Pour le leader de la presse francophone, l’objectif est clair : alléger la masse salariale pour faire face à la baisse des ventes, des rentrées publicitaires et la fin annoncée du crédit d’impôt accordé aux groupes de presse pour leur permettre d’absorber le choc de la fin de la concession et des aides publiques pour la distribution des abonnements.

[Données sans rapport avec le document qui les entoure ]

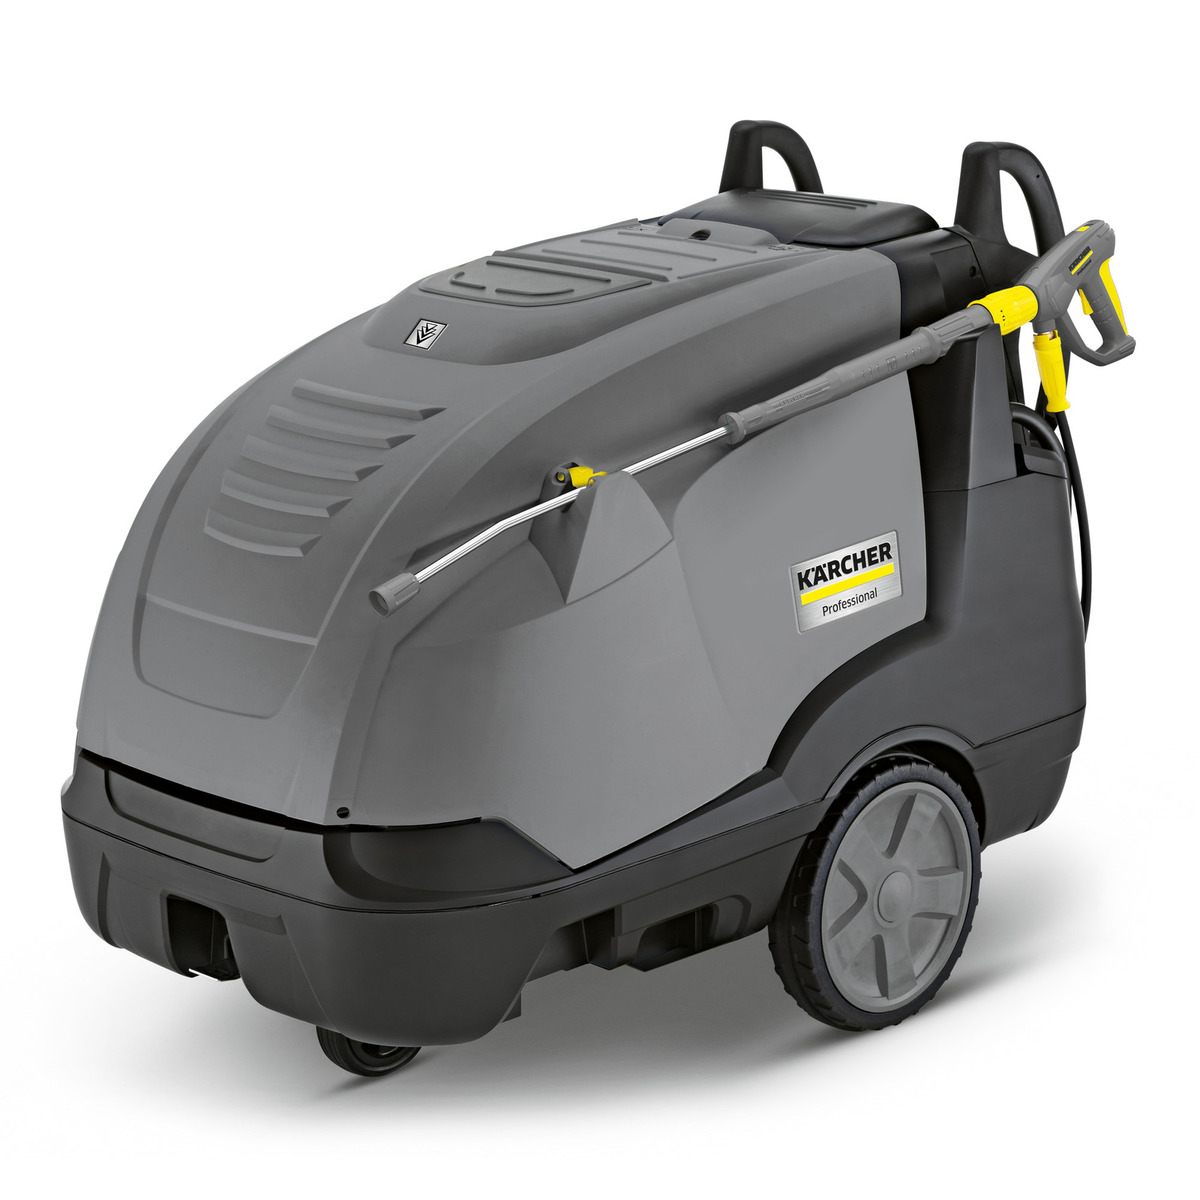 HDS-E 8/16-4 M 24 kW热水高压清洗机

Selon nos infos, le gouvernement fédéral a déjà acté la fin de ce régime transitoire.

Sudinfo réfléchirait à modifier considérablement la structure de la rédaction, en misant beaucoup plus sur des indépendants et sur une intégration plus importante des outils IA dans ses processus rédactionnels, afin de réduire le coût de ses rédactions. « On remplace des salariés par de jeunes freelances low-cost et par l’IA, c’est ça l’idée », nous glisse un journaliste de Sudinfo.

Un bouleversement majeur du paysage médiatique

L’opération Rossel-IPM reste l’un des plus importants projets de concentration médiatique de ces dernières décennies en Belgique francophone.

Si elle reçoit le feu vert définitif de l’Autorité belge de la concurrence, elle réunira sous un même contrôle des marques aussi importantes que Le Soir, Sudinfo, Ciné-Télé-Revue, La Libre, La DH, L’Avenir, Moustique, Paris-Match, mais aussi RTL Belgium et Mediafin, De Tijd et L’Echo, détenus à 50 % par Rossel. Cette concentration, qui établit un monopole de fait au niveau de la presse quotidienne francophone, suscite depuis plusieurs mois un débat sur le pluralisme de l’information et l’indépendance des rédactions.

Près d’un an après son annonce, la fusion paraît toujours en bonne voie, mais elle devra encore franchir plusieurs étapes avant de devenir réalité. En attendant, les travailleurs de L’Avenir devront composer avec plusieurs mois supplémentaires d’incertitude et le retour du chômage économique.